A: Solid Concepts Inc. is a supplier of custom manufacturing and rapid prototyping services. We do not sell equipment, rather we are a service bureau. Founded in 1991, Solid Concepts has grown steadily to a seven-facility, multiple technology company known to be a solutions provider with project management and engineering expertise. Our custom manufacturing technology capabilities include: PolyJet, Stereolithography (SLA), Selective Laser Sintering (SLS), Fused Deposition Modeling (FDM), QuantumCast™ Cast Urethanes, CNC machining and composites. We provide manufacturing solutions for prototypes and low-volume production of plastic, urethane, and metal components directly from CAD design data. We also offer Tooling and Injection Molding services for full scale production to bring your project through to completion. Solid Concepts holds ISO 9001 and AS9100 certifications as well as a Type 7 Federal Firearms License (FFL) and a 2014 SOT from the ATF.

Q: Is Solid Concepts a public company?

World's first 3D Printed metal gun

Solid Concepts has created the World’s first 3D Printed metal gun.

A: Solid Concepts is a privately held company.

Q: Is the gun having issues returning to battery?
A: We have seen comments on the return to battery. Since the filming of the original video, we have corrected this concern by improving the mating surface where the back of the shell rides up the breach face upon lockup. We initially ran a 14 lb. main spring and now are running a 15 lb. spring and seem to have corrected this concern.
Q: Why is the gun staying open after the last shot is fired?
A: The 1911 was designed to stay open after the last shot is fired. The 3d printed gun is not sticking, it is functioning as designed.

Q: Was the material stress relieved or heat treated?
A: The majority of the gun was created with Stainless Steel 17-4 that was stress relieved. We did not heat treat it because we wanted to test our option with the least strength first.  We have heat treatment options as well as more robust materials available should we decide to further strengthen the gun.
Q: How many times was the gun fired?
A: To date, we have run over 600 rounds through it.
Q: Can anyone print this metal gun with a hobbyist 3D Printer?
A: No. A metal printed gun requires commercial equipment that costs anywhere from $400,000 to $1,000,000+. The metal sintering printers need to be supported in a commercial environment with power exceeding that available in residential areas. The equipment requires the use of inert gasses not commonly available to the public, as well as the expertise needed to run the equipment.

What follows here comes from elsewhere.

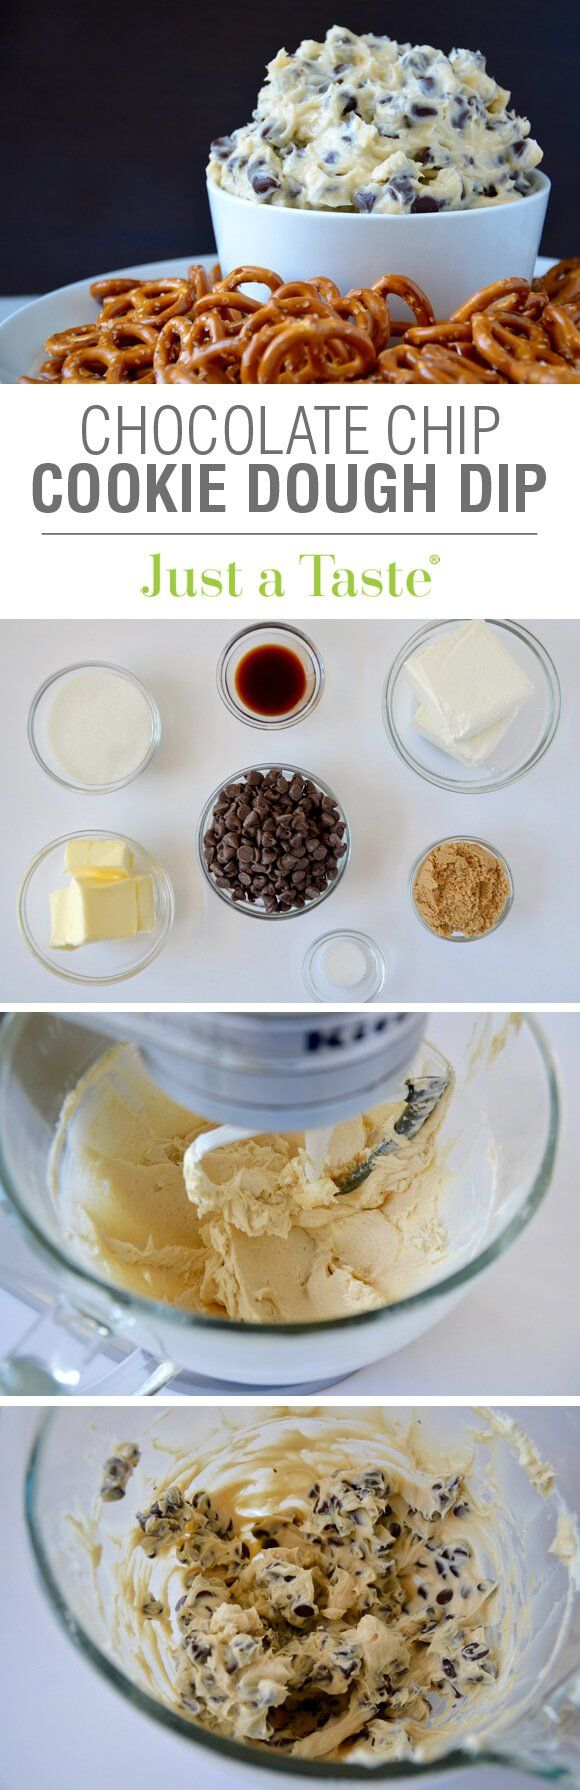 Chocolate Chip Cookie Dough Dip Recipe

Q: Are you working with other firearm manufacturers?
A: Yes.

Q: Why did you build a gun?
A: The story we want to communicate is not about the gun. The story is about what the gun demonstrates in regards to the manufacturing technology and the intricacies that are possible with this metal sintering technology. Again, the concept of the gun revolved around proving the reliability, usability, durability, heat tolerance and accuracy of metal 3D Printing and the advancements of this manufacturing method. Solid Concepts has been using metal sintering for some time now to successfully create parts for a wide array of products. The 1911 gun is well known and people can relate to it in respect to its power and need for precise components. This story is about how additive manufacturing can be used to produce real, accurate parts in your industry whether it’s aerospace, transportation, medical, energy, consumer products, etc.

Solid Concepts 1911 gun

The 1911 gun is almost fully 3D printed. 34 parts were created with metal sintering, 2 parts were created with laser sintering of Nylon 12 CF (carbon filled Nylon), and only 6 springs were retail purchased.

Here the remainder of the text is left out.